Research indicates that red blotch is not a new disease, but has been overlooked until its discovery at UC Davis in 2008 because its symptoms appear similar to those of grapevine leafroll disease. There are two key symptomatic differences between the diseases. While both diseases result in abnormal red coloring on affected grapevine leaves, leafroll affected leaves only turn red in and around the secondary veins of the grapevine leaf; red blotch affected leaves turn red in both the primary and secondary veins as well as in the interveinal zones. Secondly, unlike with leafroll, leaves affected by red blotch do not typically roll inwards at their edges. Symptoms of red blotch may also be mistaken for plant stress or nutritional deficiencies.

==Cause==
Red blotch is caused by Grapevine red blotch virus, also called grapevine red blotch-associated virus (GRBaV), a single-stranded circular DNA virus. GRBaV is a member of the genus Grablovirus, and is one of only a few geminiviruses currently known to infect woody perennial plants. Within GRBaV, two groups of genetic variants have been identified so far.

==Epidemiology==
Research suggests a wide geographic distribution, as well as a widespread occurrence in red and white vinifera cultivars. Infected vines have been identified in California, New York, Virginia, Maryland, Pennsylvania, Texas, and Washington.
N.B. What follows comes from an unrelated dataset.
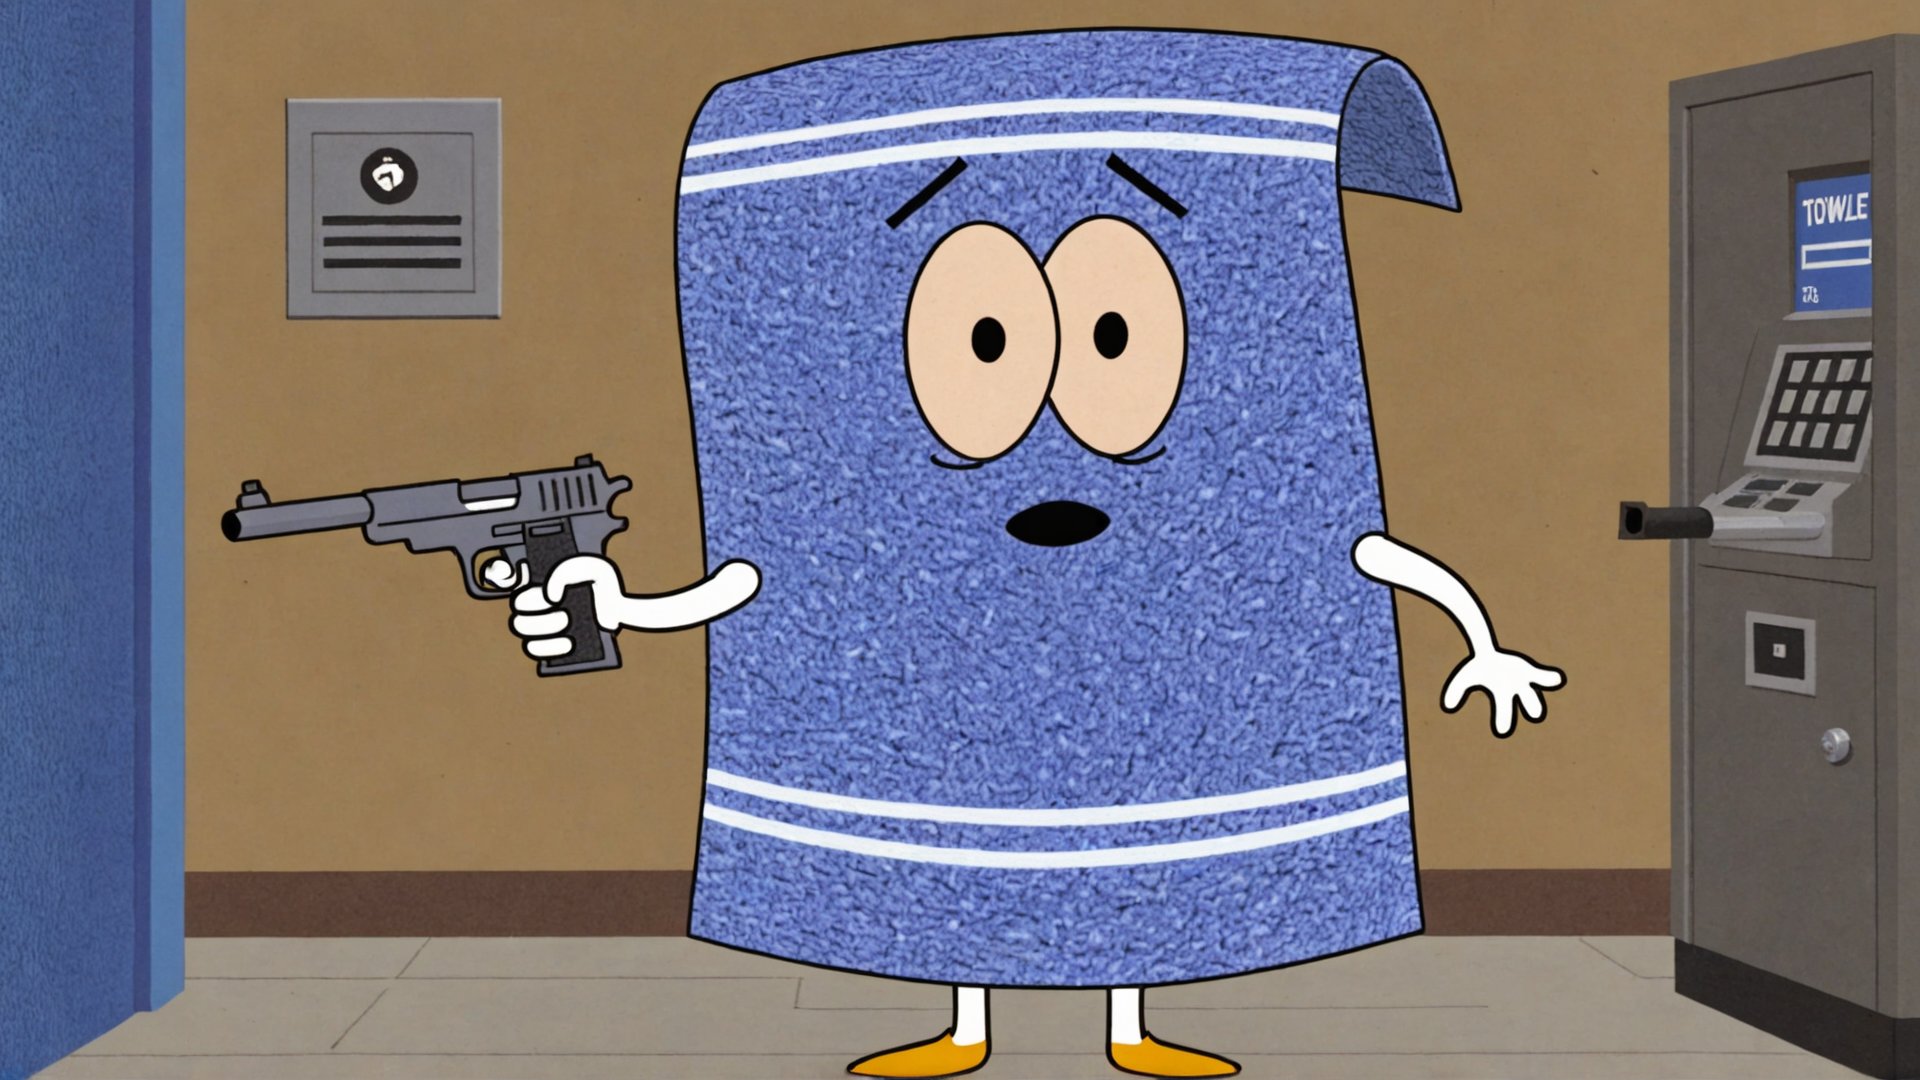 Photo of Towelie with a gun robbing a bank <lora:Towelie_v420:0.8>
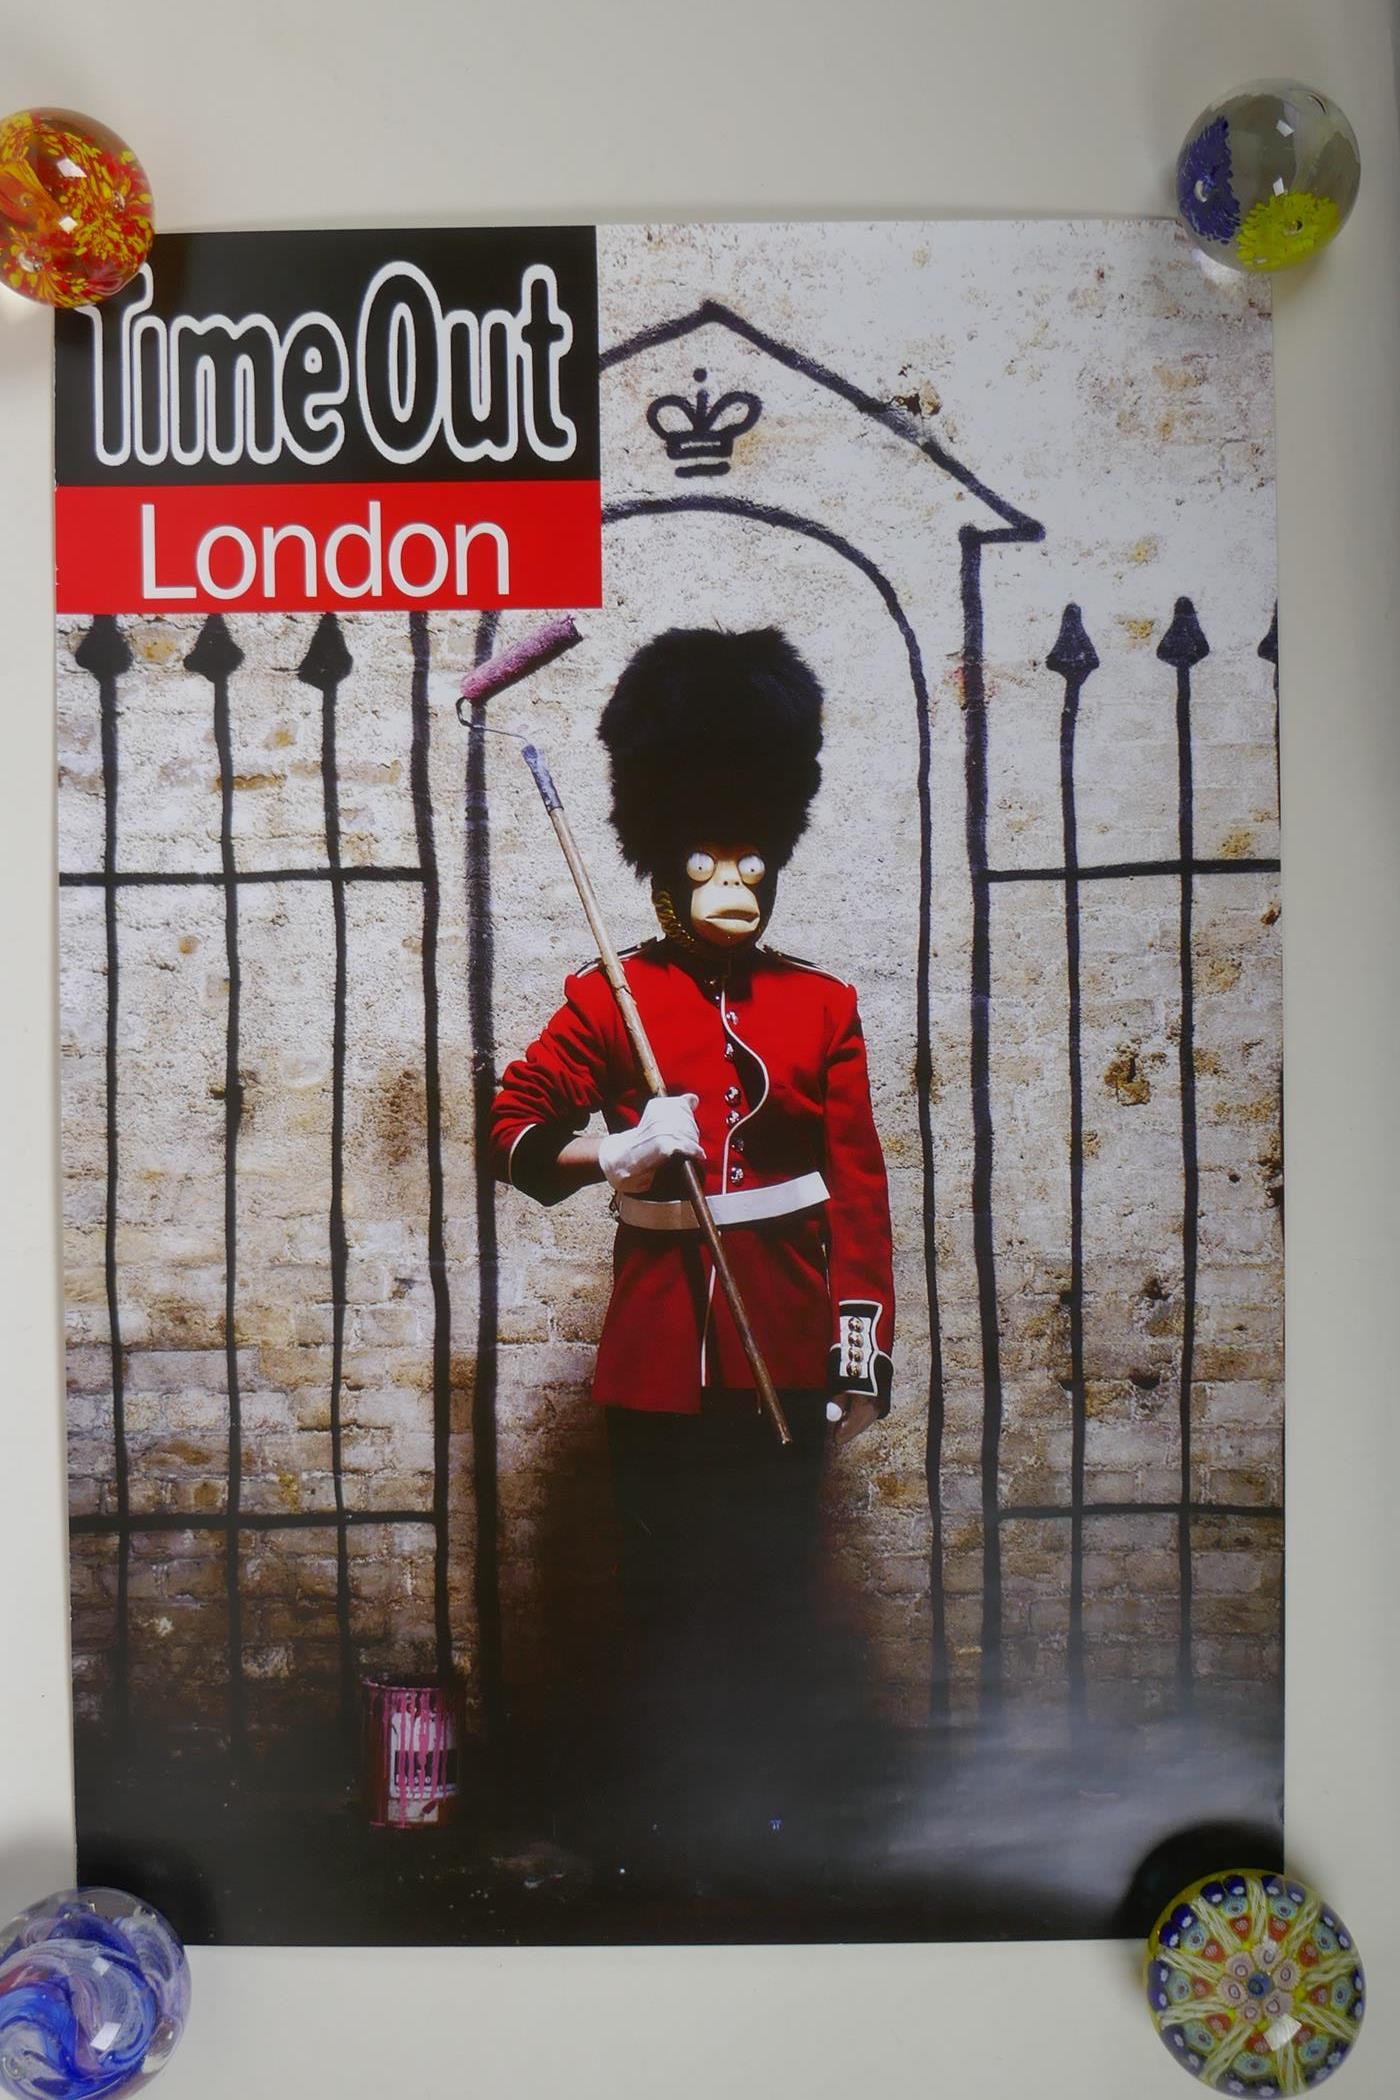 After Banksy, Time Out London, 2010, poster print, 42 x 59cm - Image 2 of 2

A nearly identical virus was found in Canada.

GRBaV has been found both in young and mature vineyards, and has been detected in Cabernet Franc, Cabernet Sauvignon, Chardonnay, Malbec, Merlot, Mourvèdre, Petite Syrah, Petit Verdot, Pinot noir, Riesling, and Zinfandel.

===Vectors===
In 2016, Sudarshana, UC Davis entomology professor Frank Zalom, and UC Davis post-doctoral researcher Brian Bahder identified the first known insect vector for GRBaV: the three-cornered alfalfa treehopper (Spissistilus festinus). Previously considered a minor vineyard pest in the North Coast, the three-cornered alfalfa treehopper spreads GRBaV while injecting salivary fluid into plant material to pre-digest it. The injection leads to tell-tale girdling at the injection site on grapevine petioles.

The three-cornered alfalfa treehopper's preferred hosts include grasses, legumes, and its namesake alfalfa. These plants are often found on the edges of vineyards in riparian areas, which may explain the spread of the disease in some vineyards. Sudarshana and Zalom are currently investigating closely related insect species to identify additional vectors.

GRBaV is transmittable by grafting, but there is no evidence that it can be transmitted by mechanical means such as pruning shears or other gardening tools.

===Management===
Currently, the only advised method of control is replacing infected vines with new, virus-free grapevines, which results in years of lost production until the new vines mature. Economic analyses suggest replacing individual symptomatic vines if red blotch is present in less than 30% of a vineyard, and replacing the entire vineyard if red blotch is present in more than 30%. The use of pesticides to control the three-cornered alfalfa treehopper is not currently recommended.